Чудаковатого старика-живописца Вика впервые встретила неделю назад в тоннеле, отделяющем шумную Будву от сонных Рафаиловичей. Высокий и костлявый, он шёл размашистым шагом с ветхим этюдником на плече, надвинув до самых бровей широкополую шляпу. Услышала же о нём двумя днями раньше от школьной подруги Риты – местного экскурсовода для состоятельных туристов. Старик объявился внезапно. Не было, не было – и вдруг – р-р-раз! – и будто жил он здесь всегда.

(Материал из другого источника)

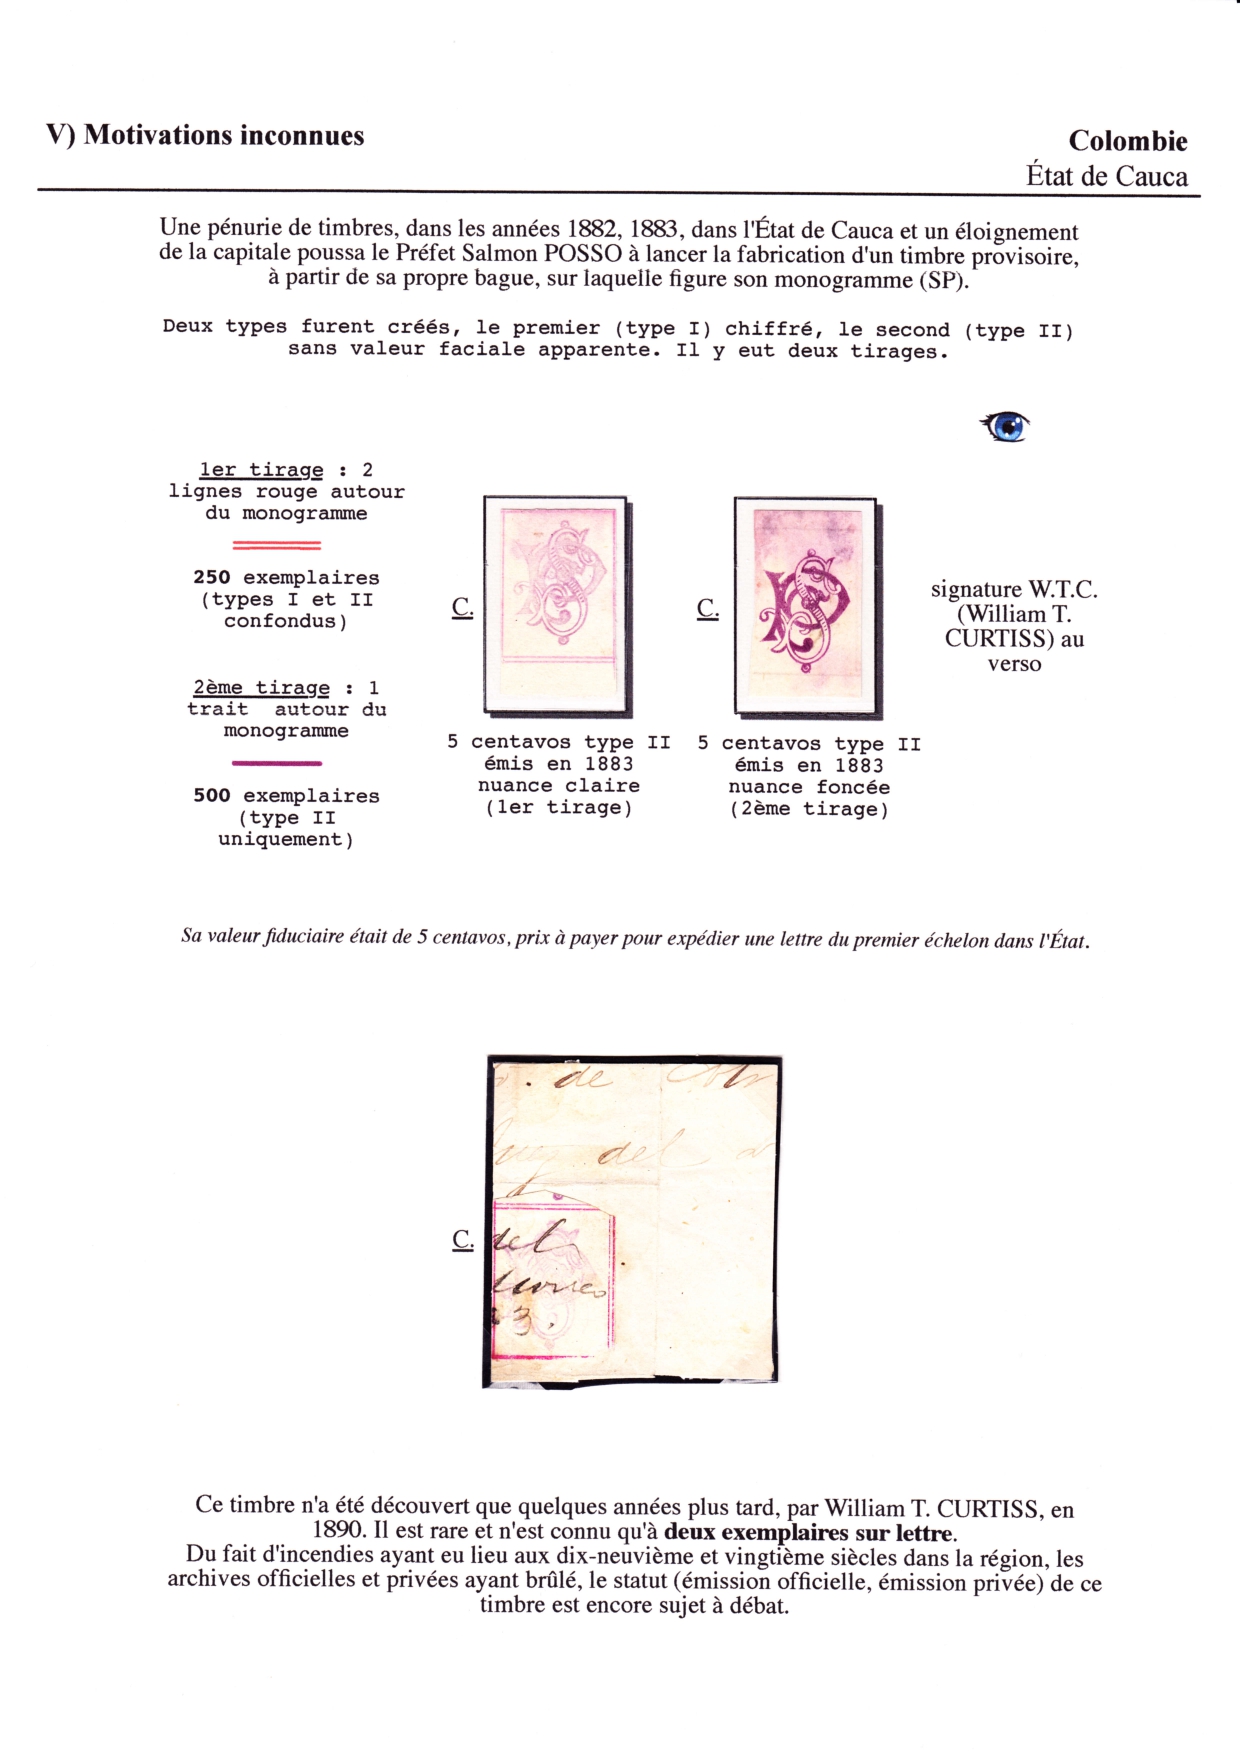 Les d��buts des timbres sans valeur faciale apparente p. 80

Будто сидел многие десятки, а то и сотни лет на пирсе с удочкой в руках или в баре у скалы, потягивая свой вранац[1] и разглядывая горизонт сквозь оптический прицел художника-снайпера. Будто сам он и написал давным-давно весь этот красочный мир вокруг, а теперь, развесив холсты, любовался работой с удовлетворением счастливого мастера.
Старый художник с седой косицей взбудоражил размеренное течение курортной жизни. Он стал местной достопримечательностью, но вызывал столько лишних пересудов, что мешал Ритиной работе. Подруга была убеждена: нет ничего хуже непредсказуемости. А всё, что касалось художника и его картин, было от начала до конца сплошной непредсказуемостью.
– Держись от него подальше! И не вздумай заказать портрет! – наставляла Рита, торопливо отхлёбывая кофе – он может нарисовать всё, что угодно – и всё сбудется. Однажды он пририсовал одной сербке на портрете чёрный платок, и у неё умер муж! Внезапно... тромбоэмболия... Здоровый, крепкий мужик был!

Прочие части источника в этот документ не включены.